Mayor of Pisino
- In office 1919–1922

Personal details
- Born: Pisino, Austrian Empire
- Died: Pisino, Austria-Hungary
- Party: Società politica istriana
- Parent: Francesco Costantini (father);
- Occupation: Politician, lawyer
- Profession: Lawyer

= Costantino Costantini (politician) =

Costantino Costantini was an Istrian Italian lawyer and politician. He was Mayor of Pisino (now Pazin, Croatia) from 1919 until 1922. He was the son of former podestà (mayor) and politician Francesco Costantini. He has been credited as "one of the most illustrious figures of Istrian irredentism".

==Biography==
Costantino Costantini was born in Pisino, Istria (now Pazin, Croatia, then part of the Austrian Empire) to lawyer and politician Francesco Costantini, the founder of the Società politica istriana, and Clotilde Mrach, from a Pisino family of landowners and politicians.

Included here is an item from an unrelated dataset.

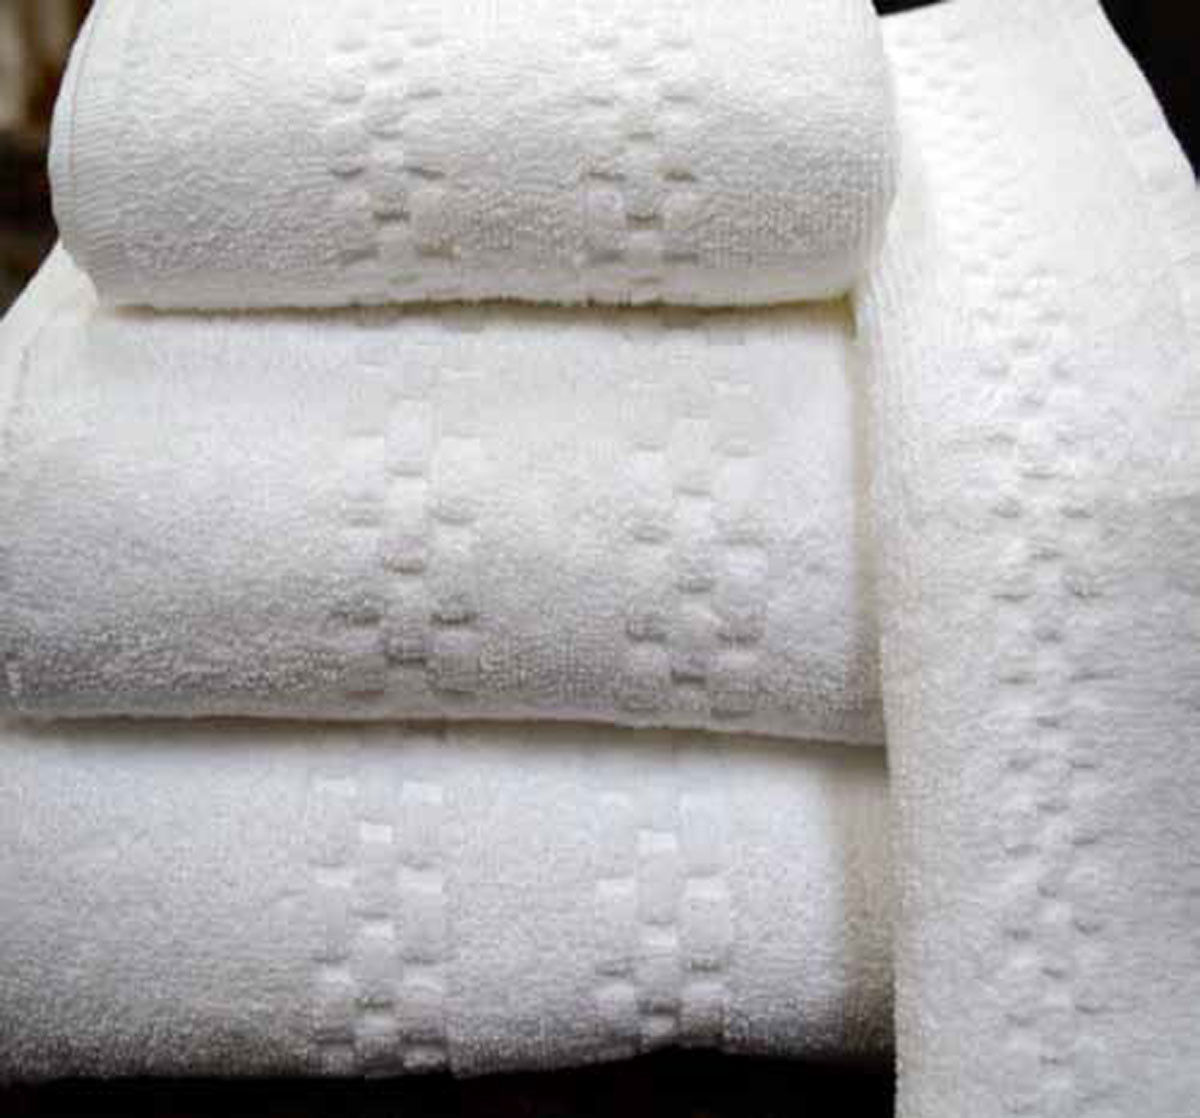 What's the towels definition and features of Oxford Viceroy Room Towels?

He was a lawyer. He became Director of the Council for Tax Administration of Pisino, and then was Head of the Council of Administration of the Comune of Pisino since 1894, later becoming vice-podestà. From 1900 until 1911 he was deputy of the Diet of Istria for the college of the cities of Pisino (Pazin) and Albona (Labin). After the Revolution, when Pisino became part of Italy, he was Special Commissioner of Pisino.

Costantini then became Mayor of Pisino, serving in this capacity from 1919 until 1922.